7 May 2021

• Okonjo-Iweala, Director General of the World Trade Organization, says she will press the 164 member countries to reach an agreement on the waiver petition by 3 December. Source

• EU expressed willingness to discuss the intellectual property waiver after the US supported it. But in Germany – home to Pfizer’s coronavirus vaccine partner, BioNTech, a spokesperson for Germany’s Chancellor, Angela Merkel, warned that it would hamper development of new pharmaceutical products.  Source

• Spain supports the TRIPS waiver, saying an in informal policy paper that “Intellectual property cannot be an obstacle to ending Covid-19 and to ensuring equitable and universal access to vaccines,” and that consensus must be “urgently found on the proposal for a temporary waiver.” Source

• Pfizer CEO Albert Bourla posts a letter to Pfizer staff describing  the company’s access strategy for low-and middle-income countries (tiered pricing); it states that “ …I reached out to many heads of middle/low-income countries by letter, phone and even text to urge them to reserve doses because the supply was limited.
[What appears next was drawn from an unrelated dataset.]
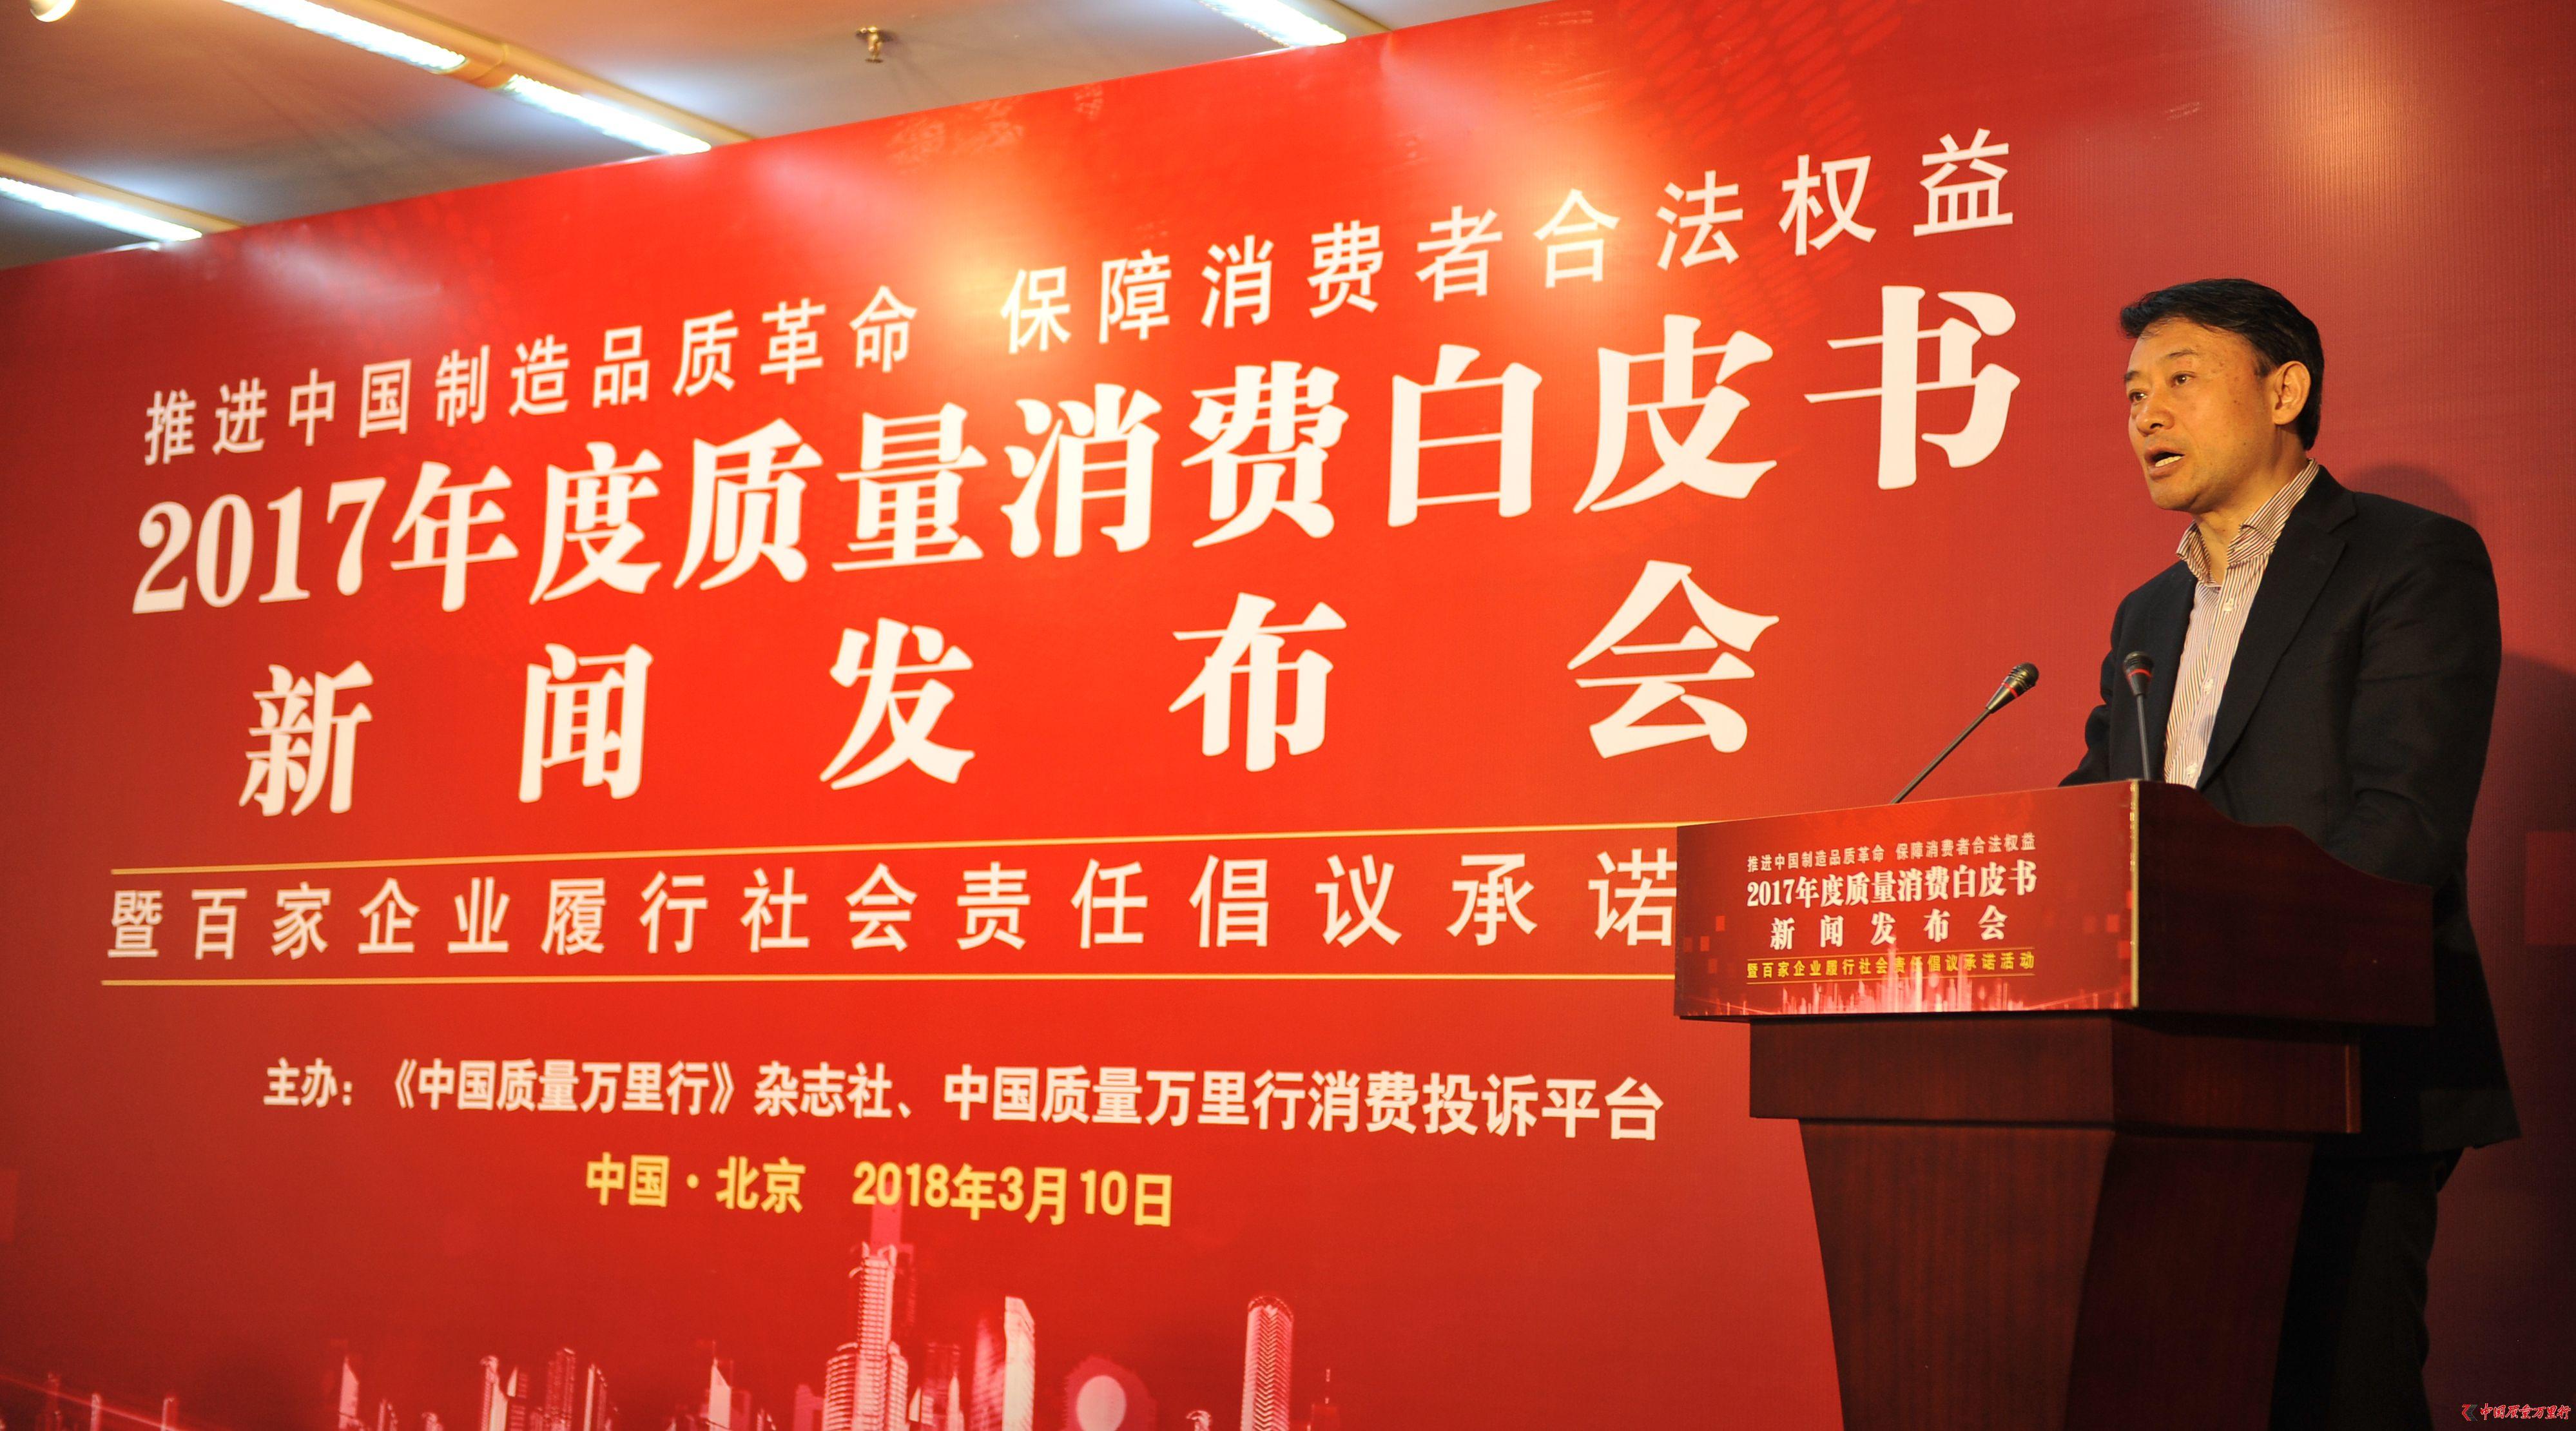 严冯敏:架起消费者与企业沟通的桥梁

However, most of them decided to place orders with other vaccine makers either because mRNA technology was untested at that time or because they were offered local production options. Some didn’t even approve our vaccine.” The letter says that 40 percent of the 2.7 billion doses of coronavirus vaccine produced in 2021 will go to low-and middle-income countries.

• Bourla says that the intellectual property waiver  “…threatens to disrupt the flow of raw materials. It will unleash a scramble for the critical inputs we require in order to make a safe and effective vaccine. Entities with little or no experience in manufacturing vaccines are likely to chase the very raw materials we require to scale our production, putting the safety and security of all at risk. I worry that waiving of patent protection will disincentivize anyone else from taking a big risk,” noting that Pfizer has already spent two billion dollars to develop its coronavirus vaccine, and is investing more into COVID-19 research.  Source

• After receiving the Sinopharm coronavirus vaccine on television, Philippine President Rodrigo Duterte was harshly criticized for choosing a vaccine that had not been approved by the national regulatory agency – instead of using the SinoVac vaccine, which is already approved for emergency use in the country. President Duterte asked China to take back the 1,000 doses it donated and asked the ambassador to “….just give us SinoVac, which is being used by everyone else.” Source

• WHO approves the Sinopharm coronavirus vaccine developed by the Beijing Institute of Biological Products for emergency use, although very little information on it has entered the public domain, and  its effectiveness against currently circulating variants is not known. Source 

• The EMA pharmacovigilance committee met to discuss safety signals related to coronavirus vaccines. It will continue to monitor rare blood clots and low platelets among people who got vaccines from Pfizer/BioNTech and Moderna. The committee  has asked AstraZeneca to provide more detailed information on  cases of Guillain-Barre syndrome among vaccine recipients, and has asked Pfizer for more information on cases myocarditis (inflammation of the heart muscle) and pericarditis (inflammation of the membrane around the heart) following vaccination, although it does not currently think the vaccine is causing these side effects. Moderna is also being asked to monitor similar cases and provide details.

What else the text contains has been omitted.